Understanding olfactory pleasure with the CNRS

Understanding olfactory pleasure through an interdisciplinary approach (CLIO)

Smells are important for our diet, our relationships with others and our psychological well-being. The sense of smell is characterized by interpersonal diversity, due to physiological, socio-cognitive and genetic factors. Although this variation is well identified by researchers and manufacturers, the influence of these factors on olfactory pleasure is still poorly understood. The CLIO study aims to gain a better understanding of how genetics on the one hand and physiological and socio-cognitive factors on the other contribute to the construction of olfactory pleasure.

This 3-year study, supported for its launch by the Per Fumum Endowment Fund, is being conducted jointly by Moustafa Bensafi, neuroscientist and director of research at the Lyon Neuroscience Research Centre (CNRS/ Inserm/ University of Lyon) and Denis Pierron, CNRS researcher at the Evolution and Oral Health Laboratory (Paul-Sabatier University Toulouse III).

For the second phase of the study, which will run for 12 months, the Per Fumum Endowment Fund is renewing its support in order to understand the physiological and cerebral reactions to contact with pleasant smells. 

Faced with the difficulty of defining this olfactory and hedonic diversity, the scientific approaches have been mono-disciplinary: anthropology, psychology, neurophysiology, genetics and molecular biology of receptors. Efforts have been made to combine these disciplines two by two, but rarely – if ever – have genetics, neuroscience and psychology been integrated into a single approach. The accumulation of mono-disciplinary results cannot replace an integrated approach that could reduce the heterogeneity of these partial results and thus offer a more complete view of the whole. 

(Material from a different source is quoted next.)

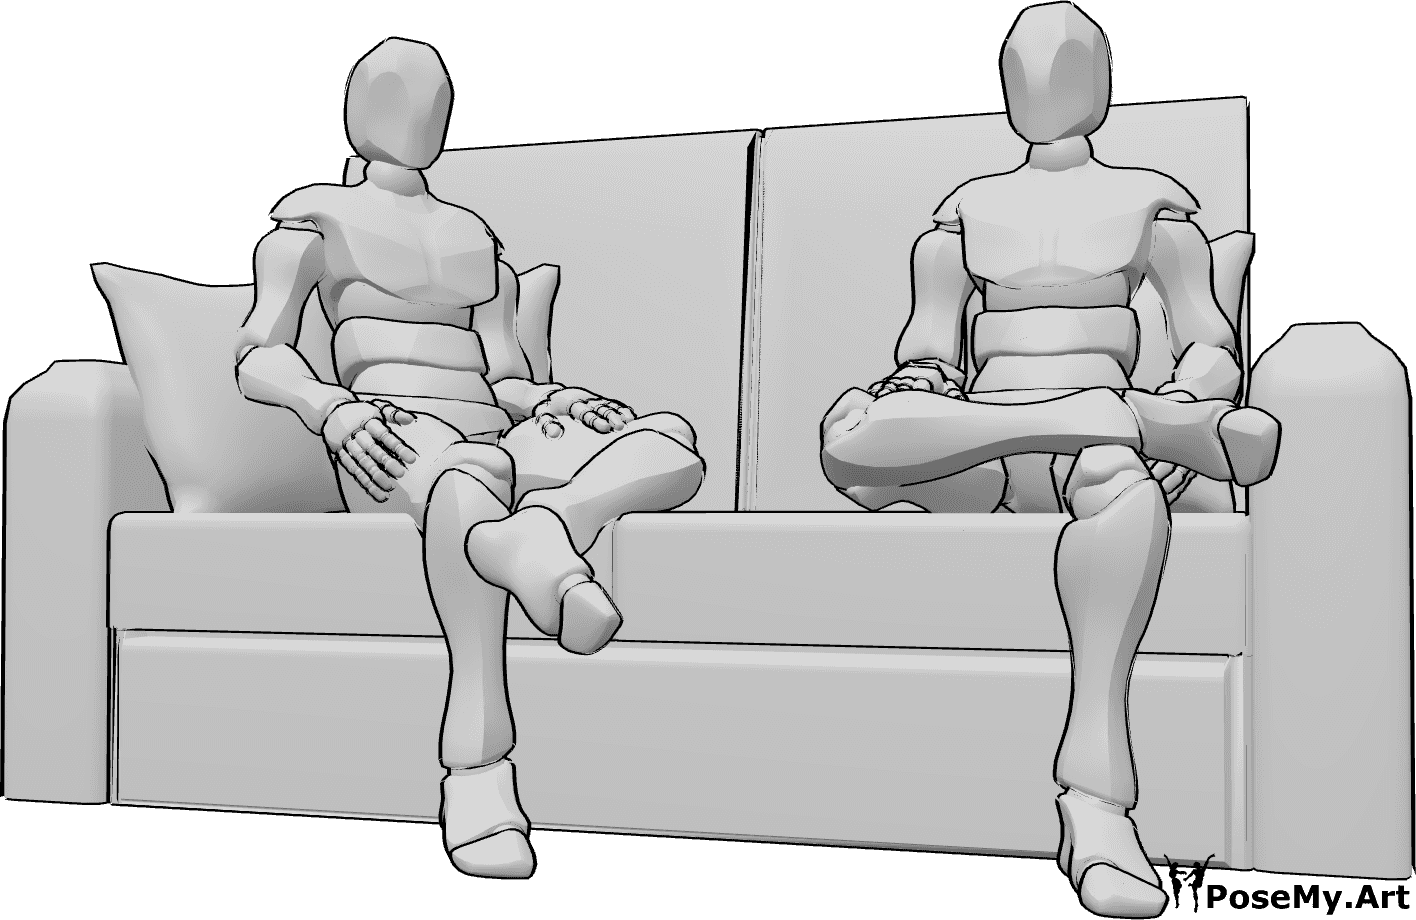 Référence des poses- Hommes en position assise - Deux hommes sont assis sur le canapé et regardent vers l'avant.

This 2nd part of the project therefore seeks to link genetic, physiological and perceptual variables with brain activity (measured by electroencephalography), in order to gain a better understanding of how these factors contribute to the cerebral representation of olfactory pleasure in humans (experimentation on 300 subjects).


Moustafa BENSAFI
Director of Research at the Lyon Neuroscience Research Centre
Moustafa BENSAFI

Moustafa Bensafi is Director of Research at the Lyon Neuroscience Research Centre (CNRS/Inserm/University of Lyon).
In 2008 he received the bronze medal of the CNRS and was awarded the Moskowitz Jacobs Inc. Award for Research Excellence in the Psychophysics of Taste and Smell.
He is the author of more than 100 scientific publications and a book on the Brain and Smell. His current work focuses on the brain function of the sense of smell and olfactory deficits in humans.

Denis PIERRON
CNRS researcher at the Laboratoire Évolution et Santé Orale (Université Paul-Sabatier Toulouse III)
Denis PIERRON

With a PhD in biological anthropology, Denis Pierron has been studying the diversity of human populations for 15 years.

During his PhD, he explored the genetic diversity of the French population, and continued his research during his post-doc (2009-2011) at Wayne-State University in Michigan. It was during this period in the US that he became interested in the genetic coding of human olfactory receptors.

Since this period and his entry into the CNRS, he has sought to better understand the importance and role of genetic diversity in the perception of tastes and odours in populations around the world. He is the author of about fifty scientific publications.